In your copy, include every line of the listing below exactly but none of the pictures.

-- PROVIDED RECORDS --
* * * * * * *

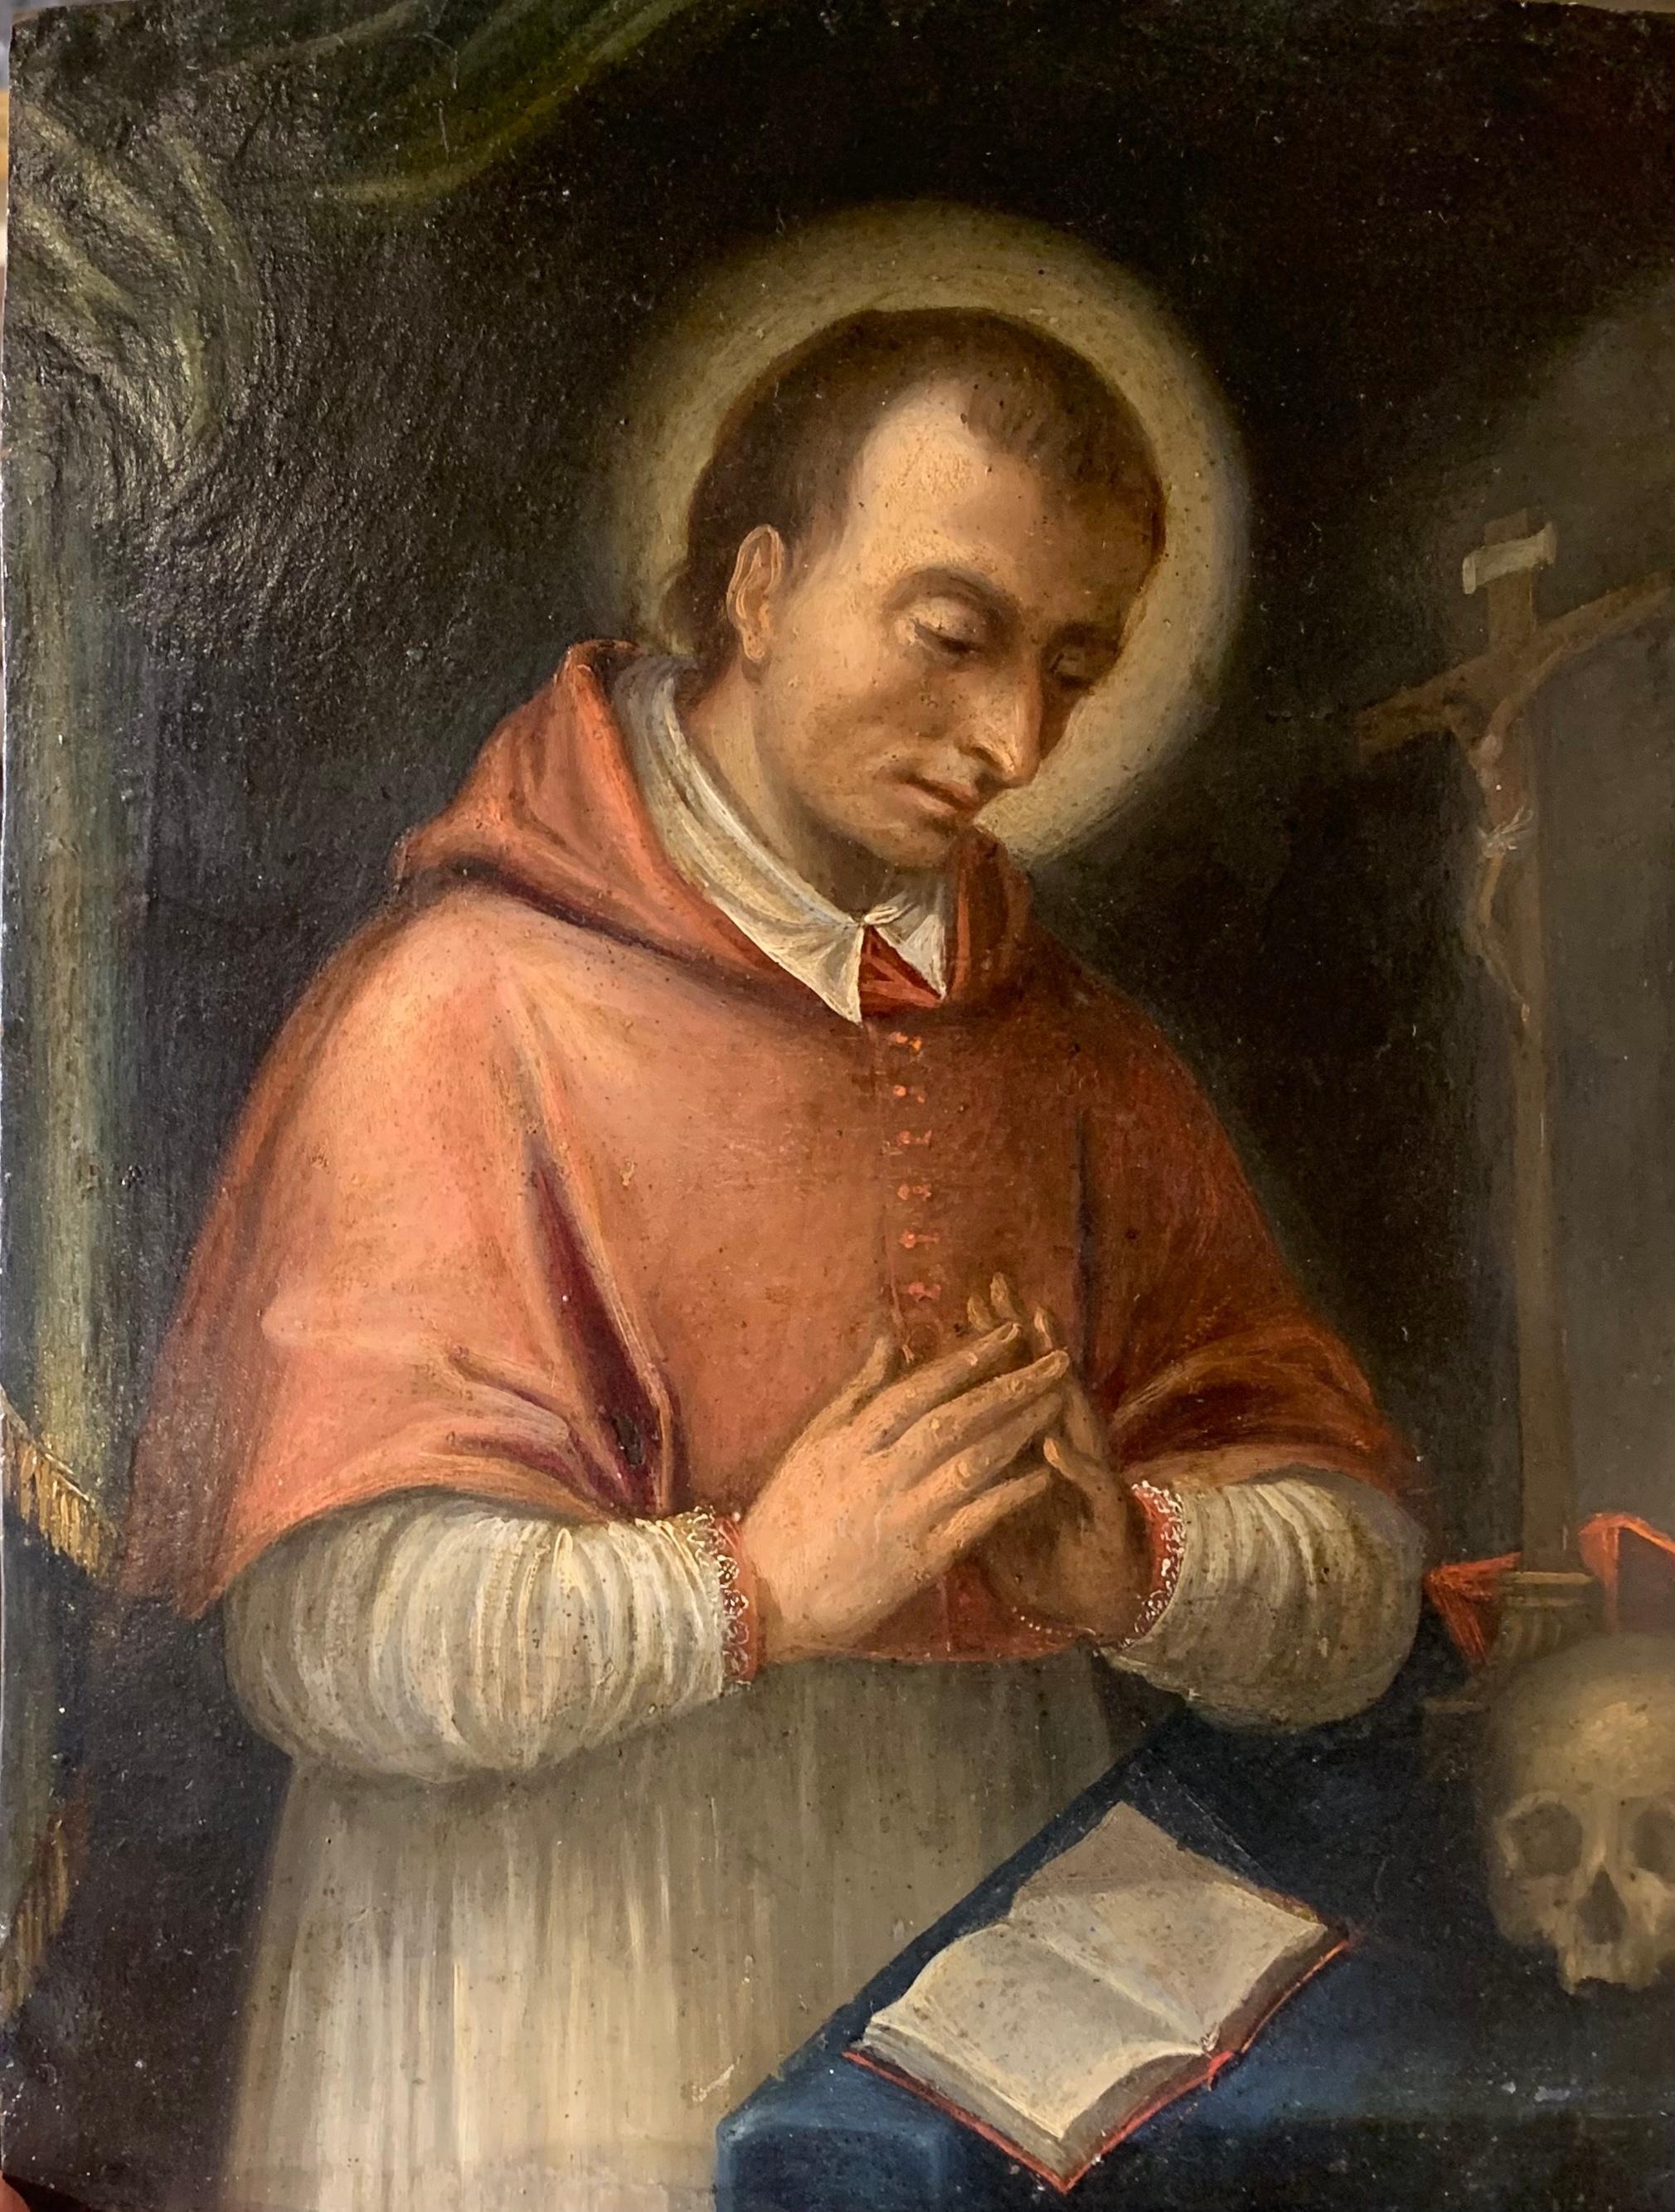 Unknown Portrait Painting - San Carlo Borromeo. Early 17th Century. Painting on Copper.
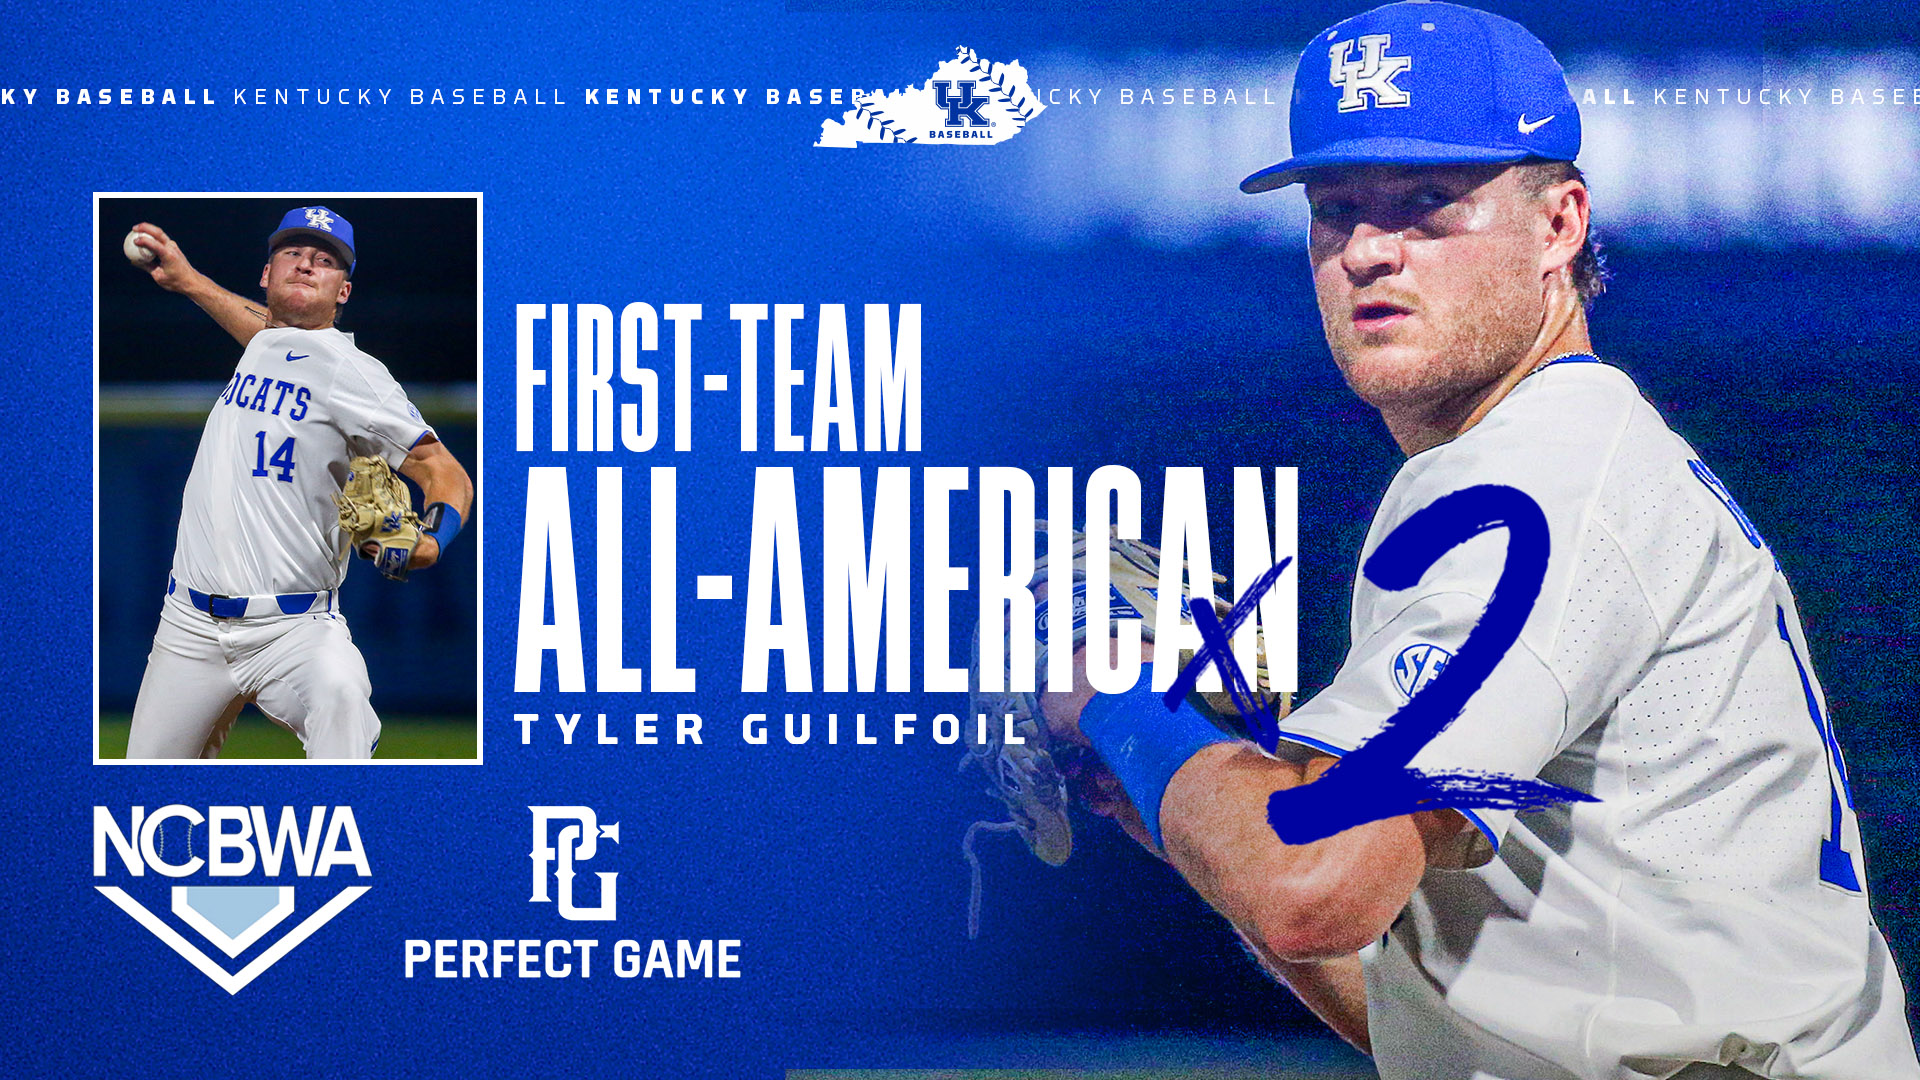 Guilfoil Voted NCBWA, Perfect Game First-Team All-America
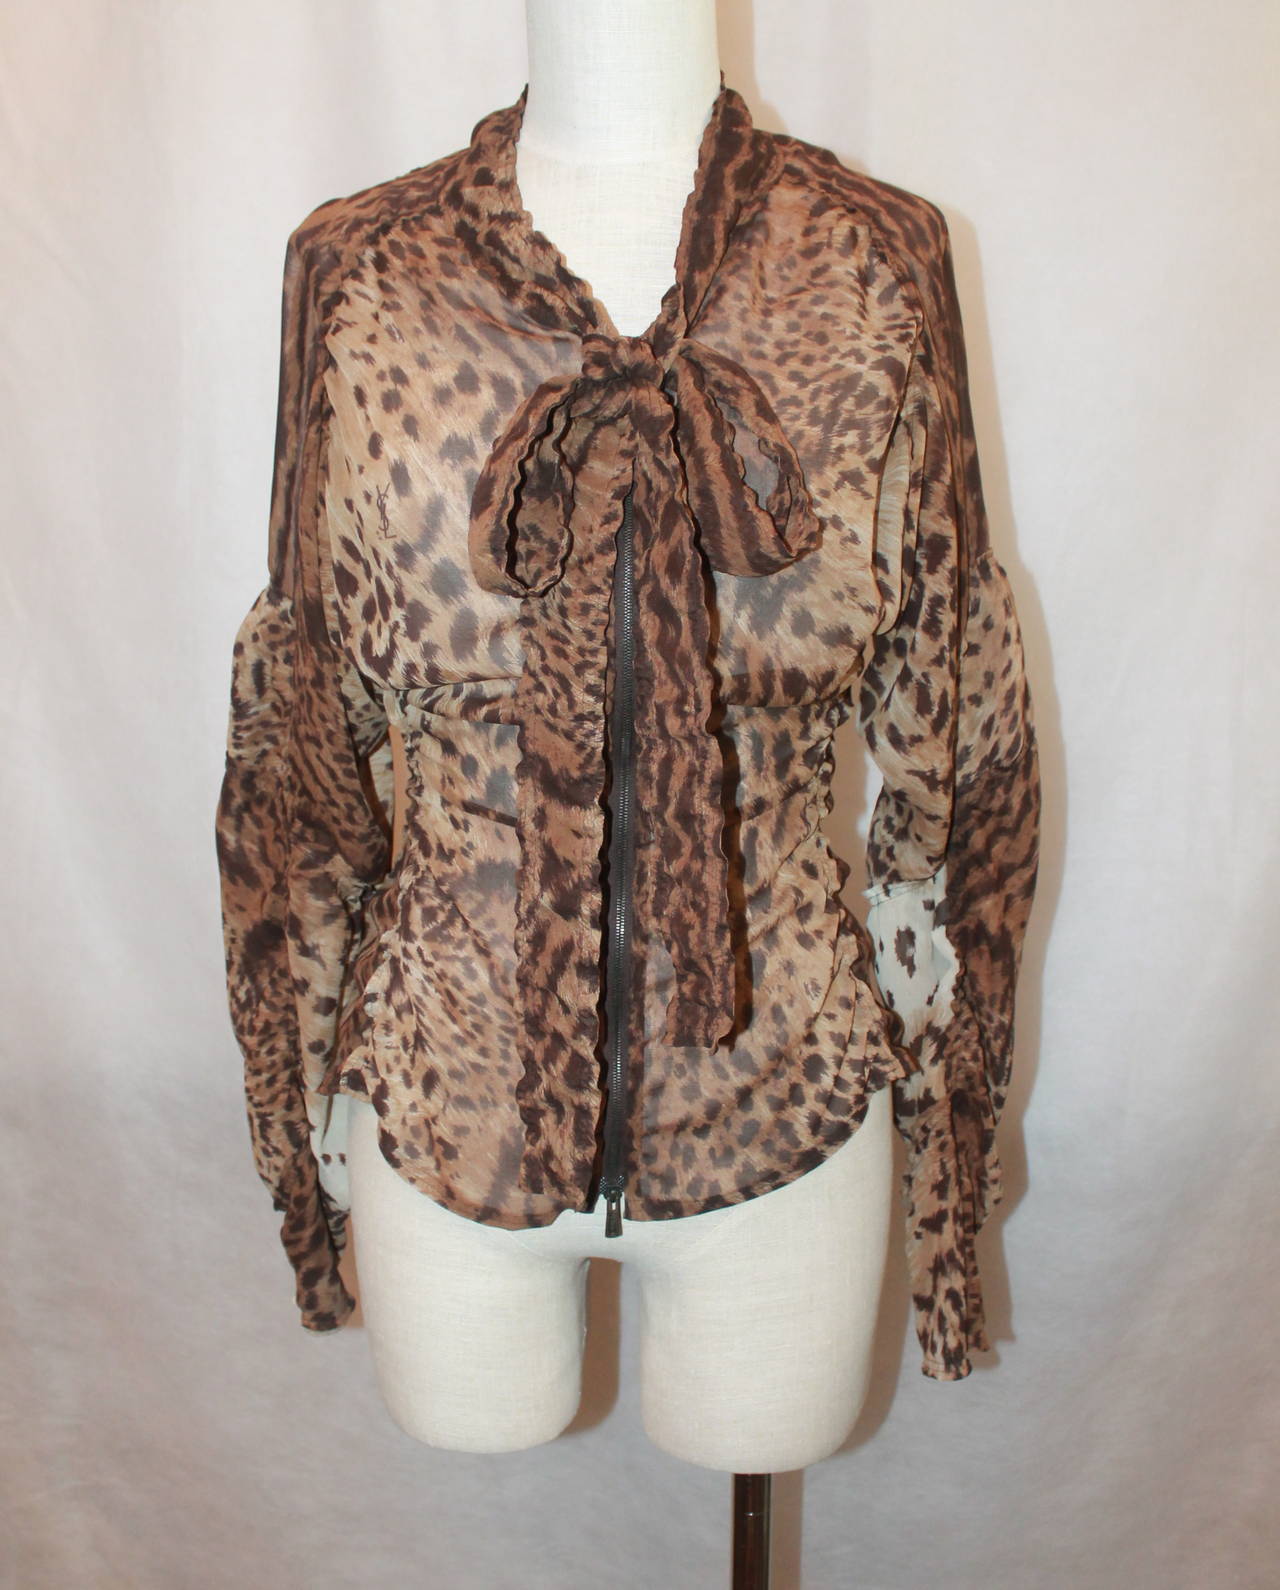 YSL Leopard Printed Sheer Blouse with Gatherings - S. This top is in excellent condition and has a long zipper as closure. The neckline is ruched and there are gatherings on the sleeves & sides. It also has a necktie. 

Measurements:
Bust-

* * * * * * *

-- RESPONSE BELOW --
 Unknown Portrait Painting - San Carlo Borromeo. Early 17th Century. Painting on Copper.
 Guilfoil Voted NCBWA, Perfect Game First-Team All-America
 YSL Leopard Printed Sheer Blouse with Gatherings - S. This top is in excellent condition and has a long zipper as closure. The neckline is ruched and there are gatherings on the sleeves & sides. It also has a necktie. 

Measurements:
Bust-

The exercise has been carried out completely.